▶ GIVEN ENTRIES:
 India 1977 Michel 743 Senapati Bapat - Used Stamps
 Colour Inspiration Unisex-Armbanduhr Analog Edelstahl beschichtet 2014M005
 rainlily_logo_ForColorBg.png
...
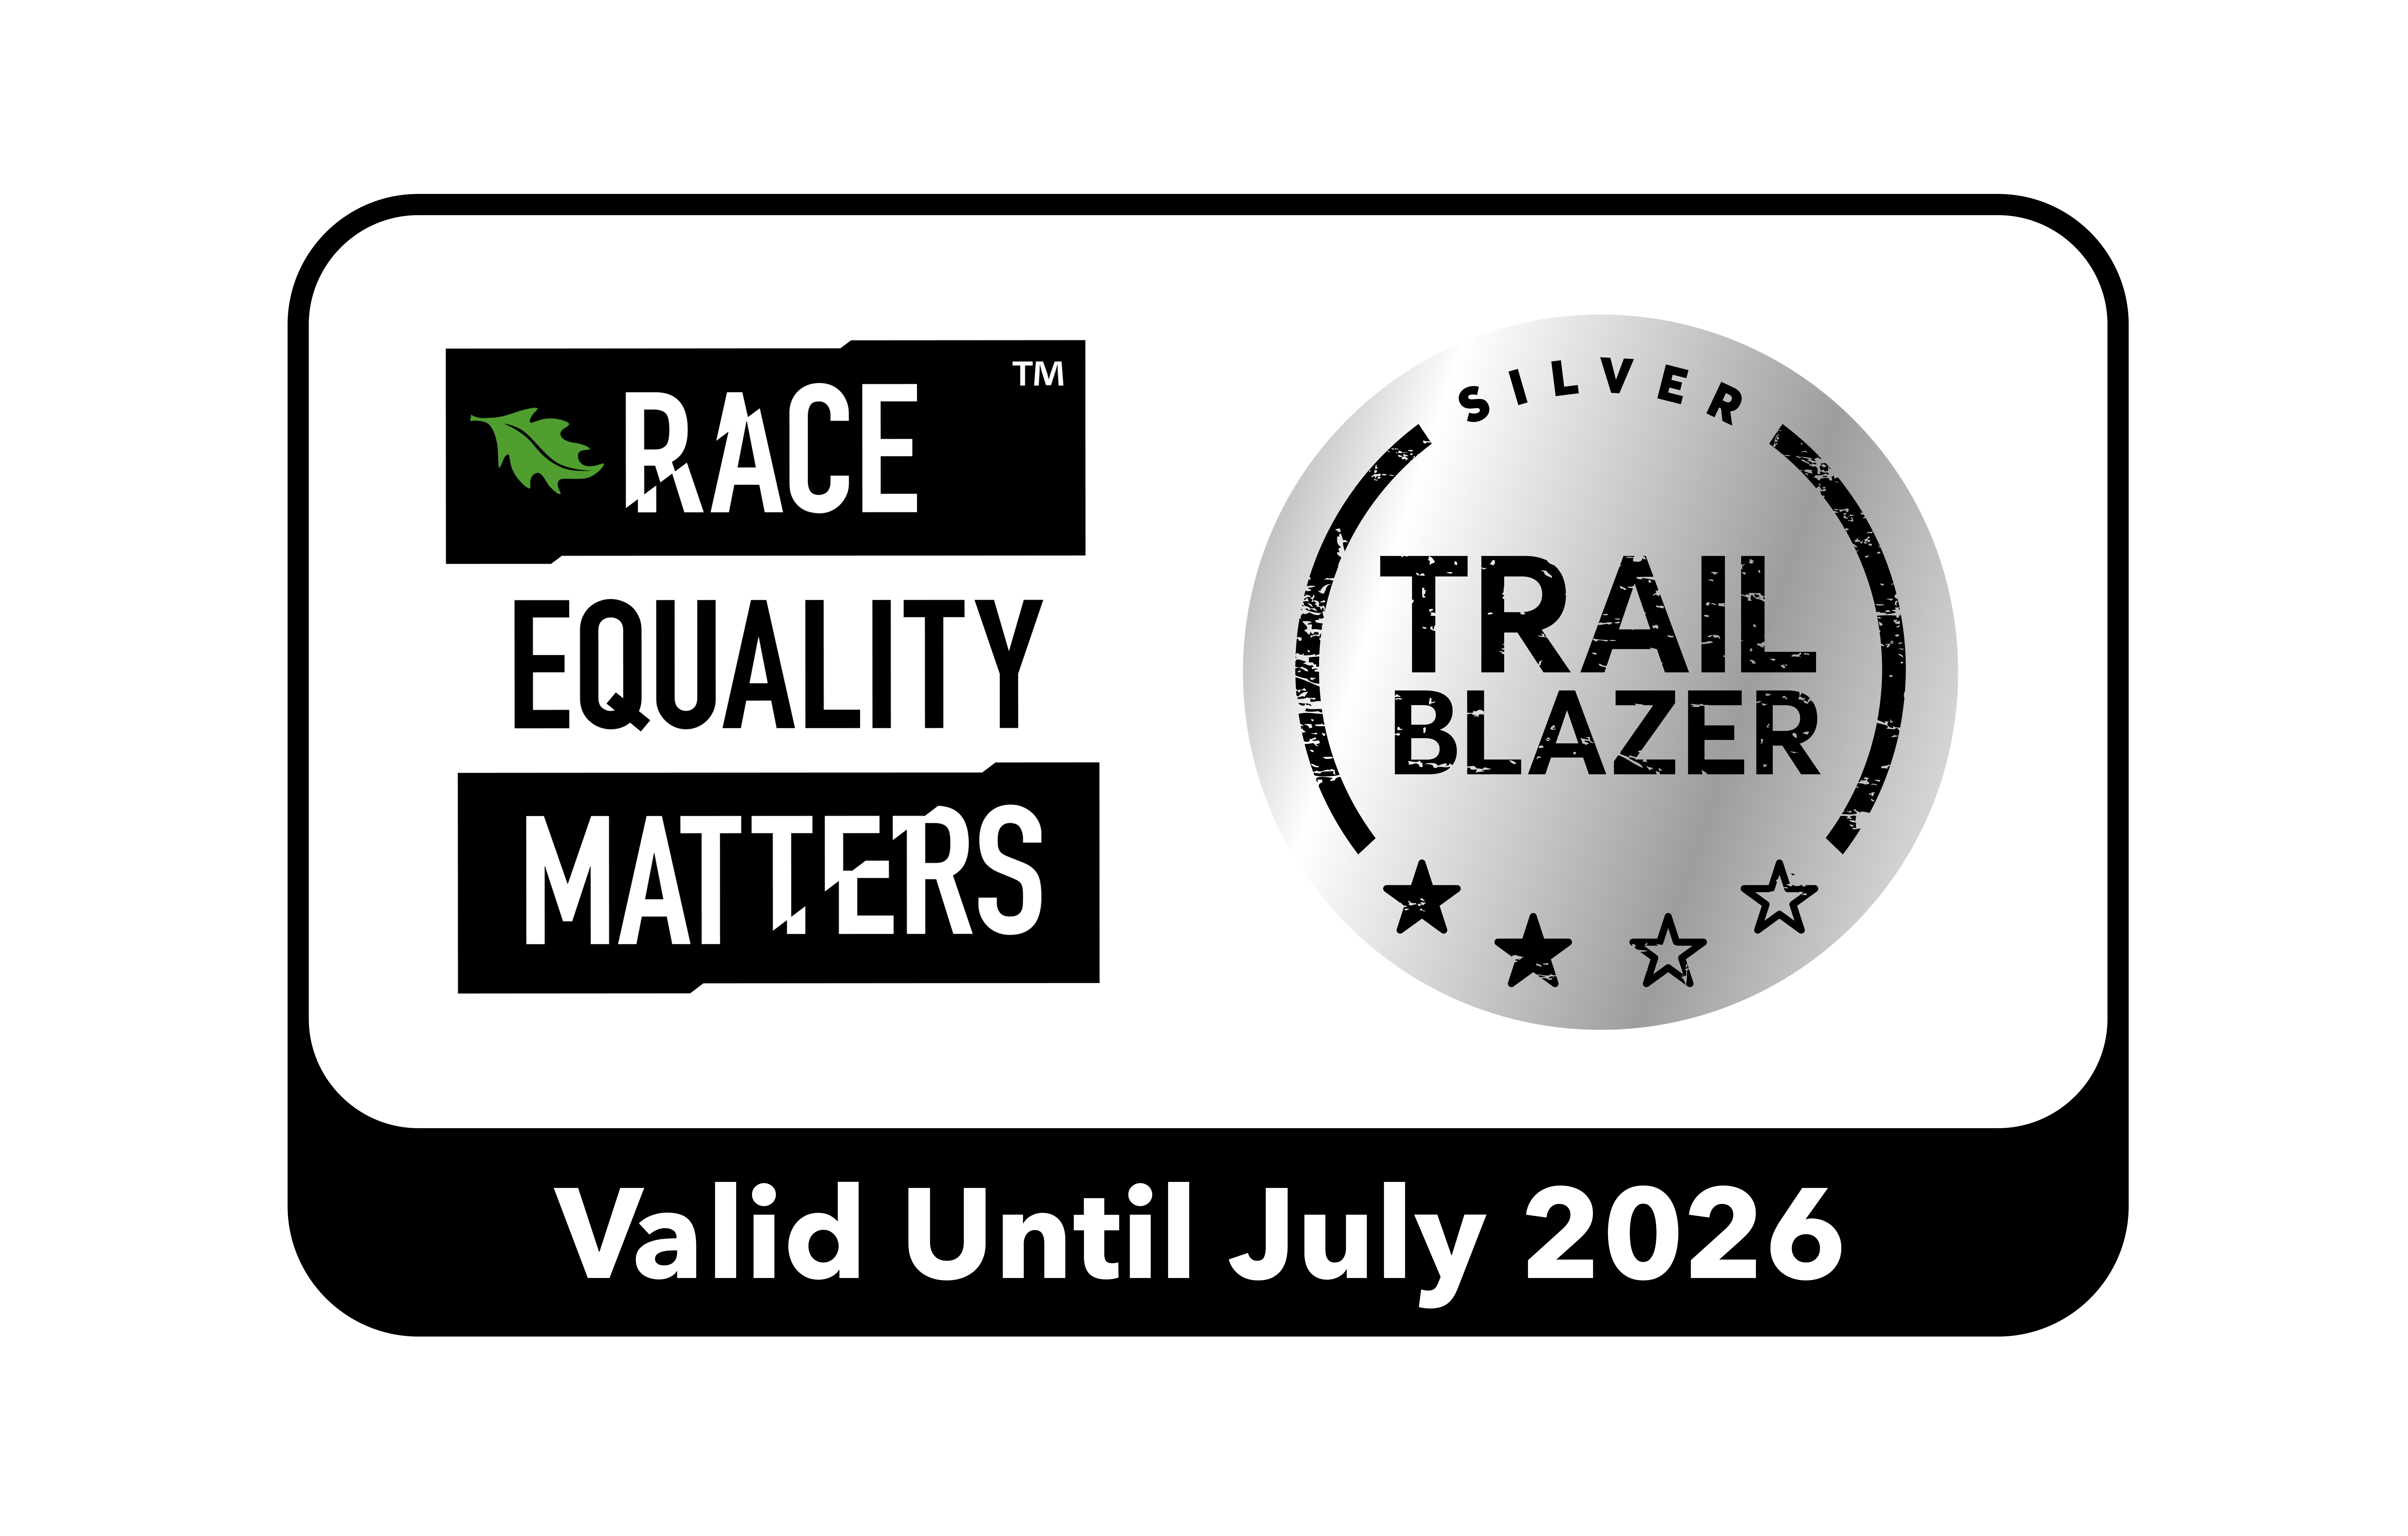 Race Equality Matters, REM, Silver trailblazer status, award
---
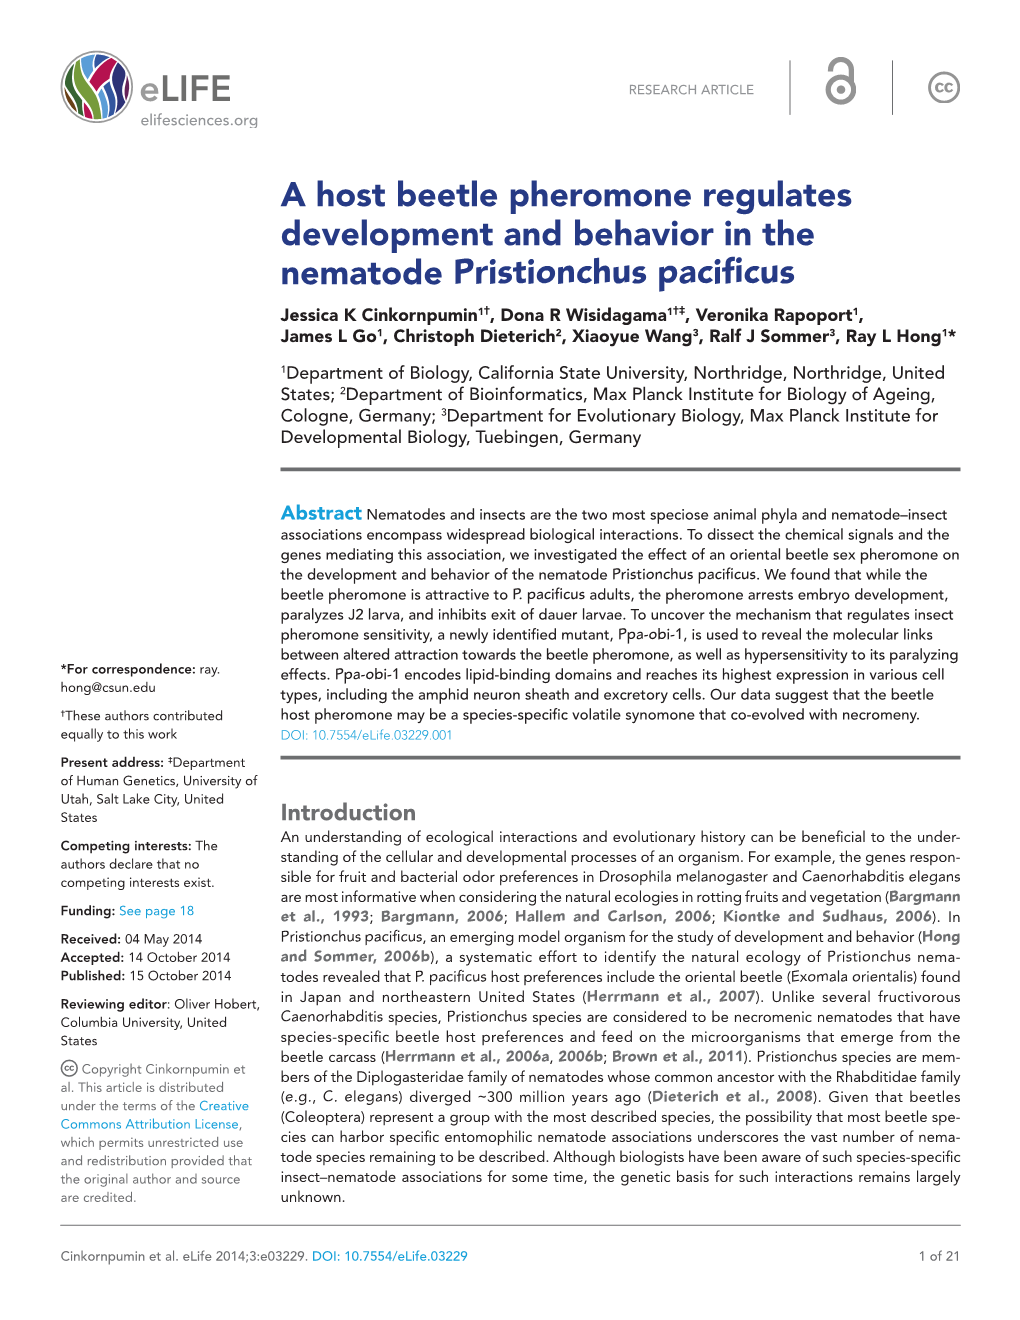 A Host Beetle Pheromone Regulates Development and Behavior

▶ WHAT IS EXPECTED: The required answer is the run of lines above, starting at the line with "Colour Inspiration Unisex-Armbanduhr" and ending at the line with "rainlily_logo_ForColorBg.png", reproduced exactly with both ends.

▶ SOLUTION TO THIS TASK:
 Colour Inspiration Unisex-Armbanduhr Analog Edelstahl beschichtet 2014M005
 rainlily_logo_ForColorBg.png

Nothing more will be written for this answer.